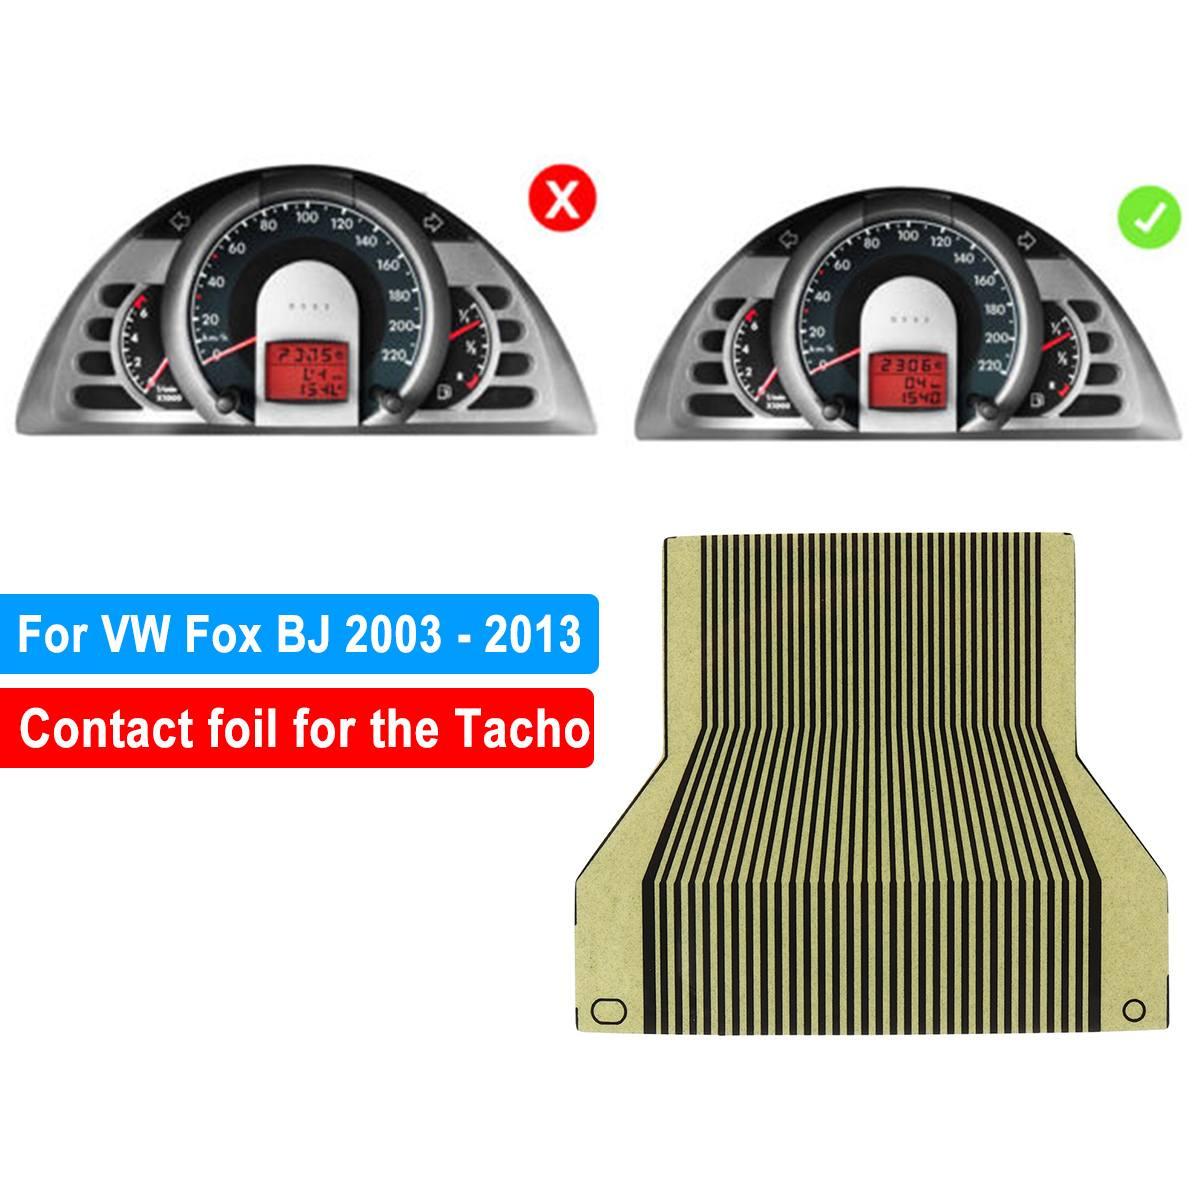 LCD Display Cluster Pixel Repair Ribbon Cable Tool For VW For FOX Tacho LCD Display Ribbon Cable Speedometer
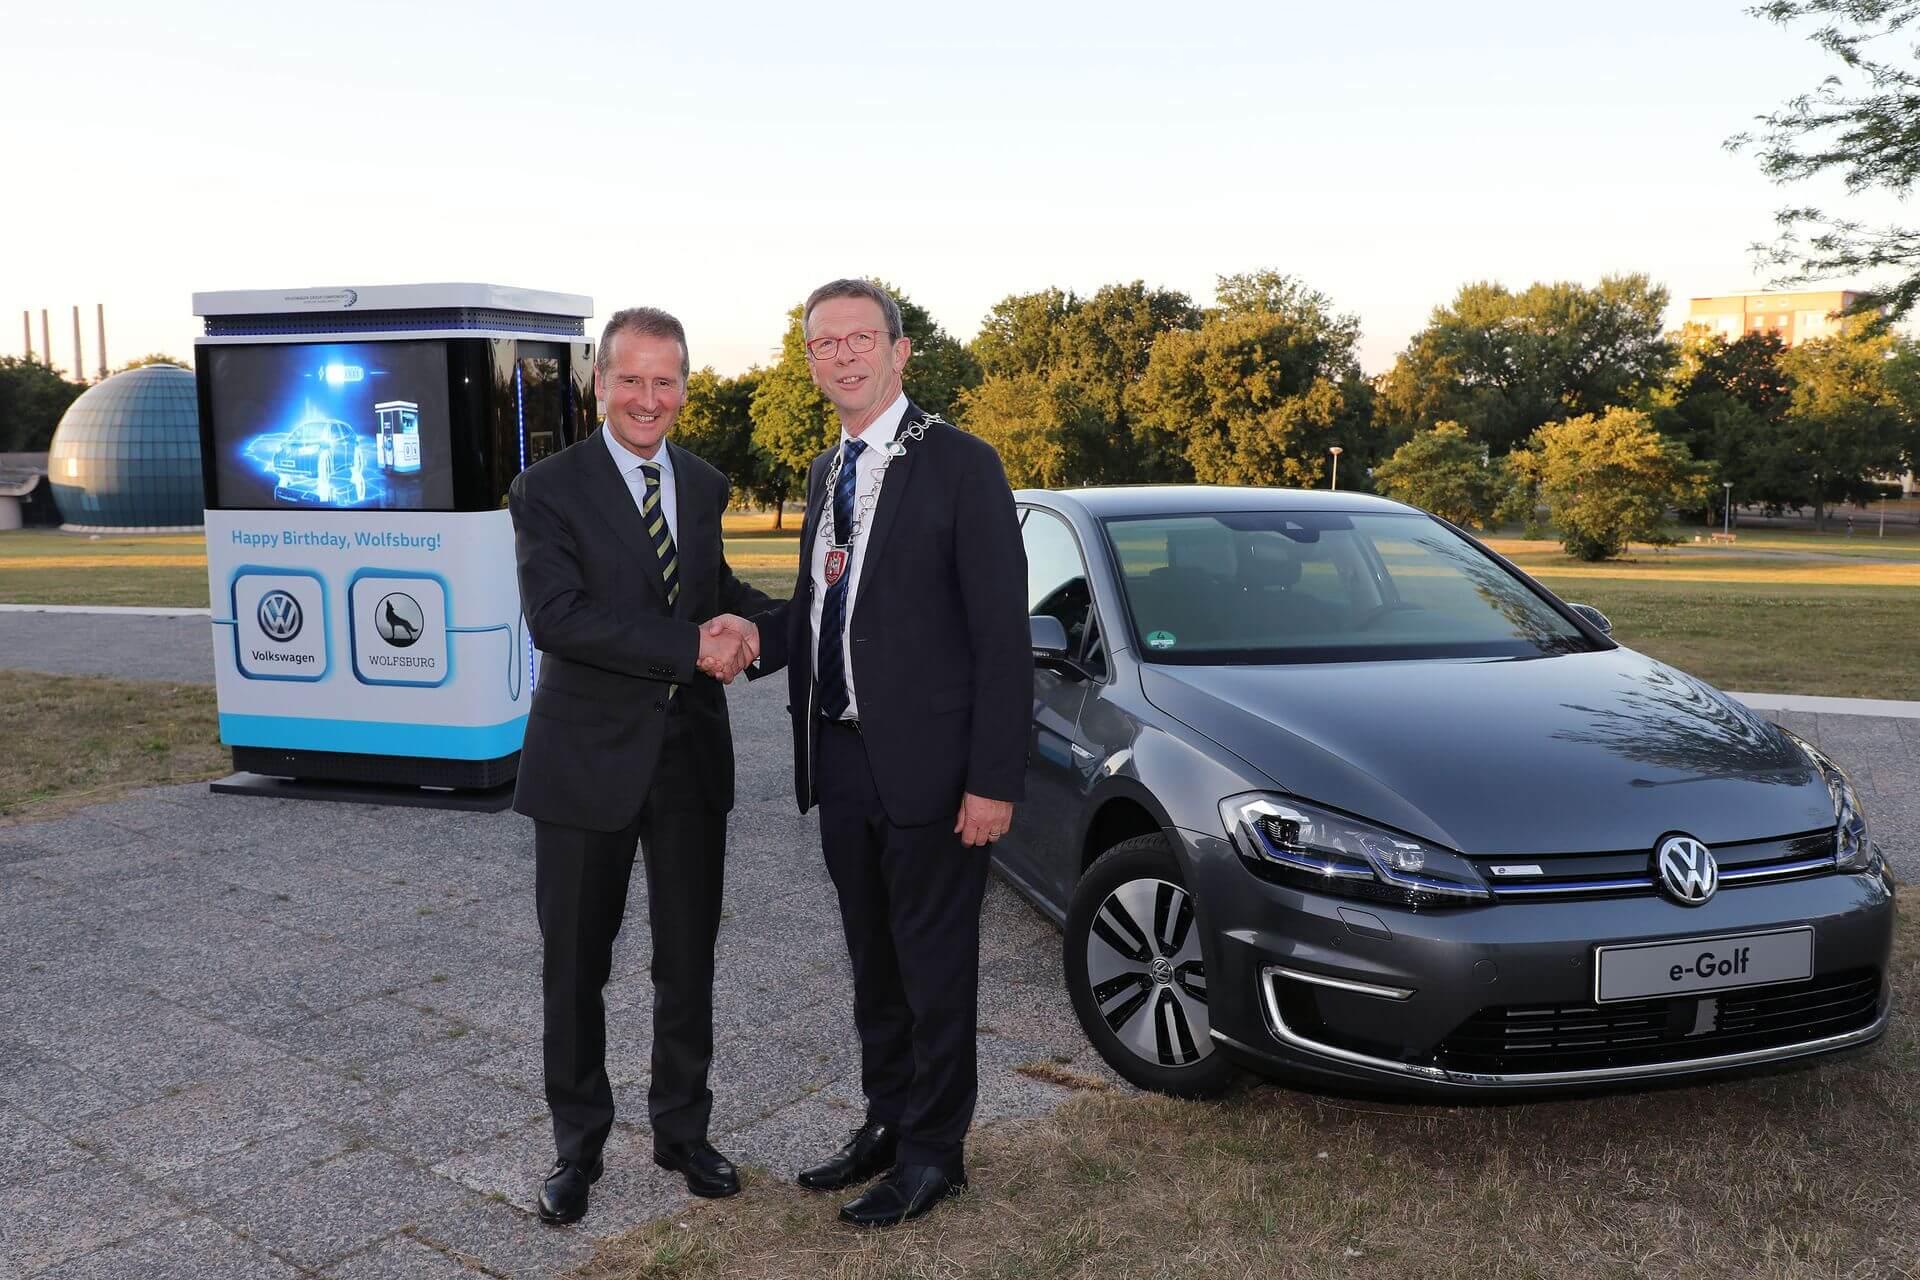 Вручення місту Вольфсбург 12спеціальних мобільних зарядних станцій Volkswagen
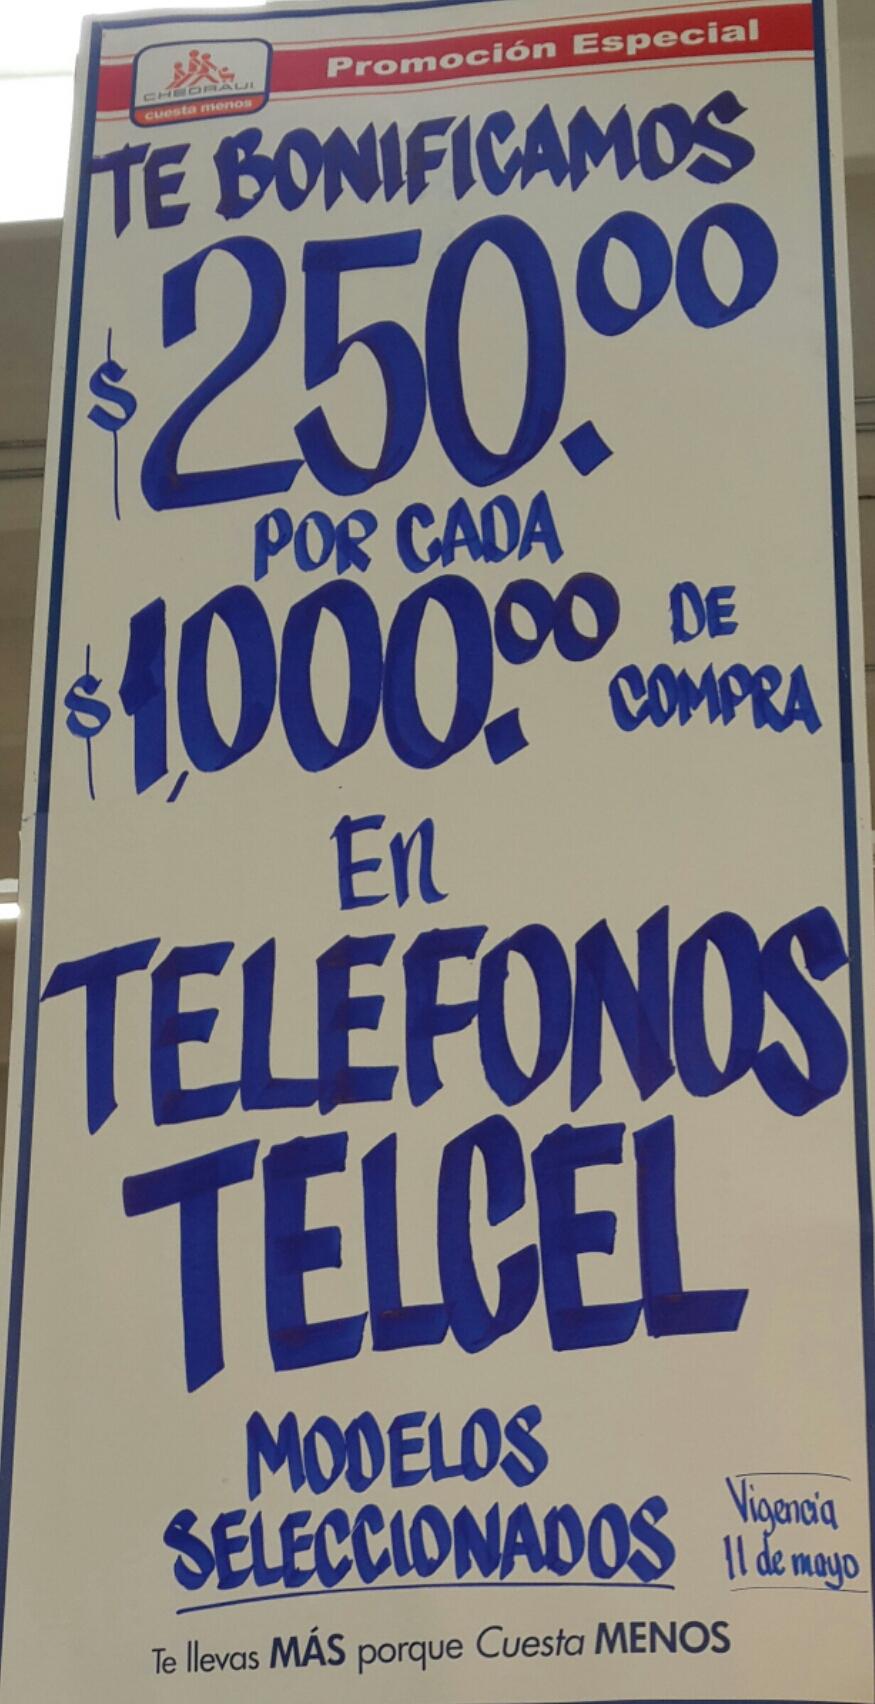 Chedraui: $250 bonificación por cada $1,000 en celulares Telcel (incluye iPhone)

**Task brief:** Output all the data, exactly, without images.

**Your response:**
 LCD Display Cluster Pixel Repair Ribbon Cable Tool For VW For FOX Tacho LCD Display Ribbon Cable Speedometer
 Вручення місту Вольфсбург 12спеціальних мобільних зарядних станцій Volkswagen
 Chedraui: $250 bonificación por cada $1,000 en celulares Telcel (incluye iPhone)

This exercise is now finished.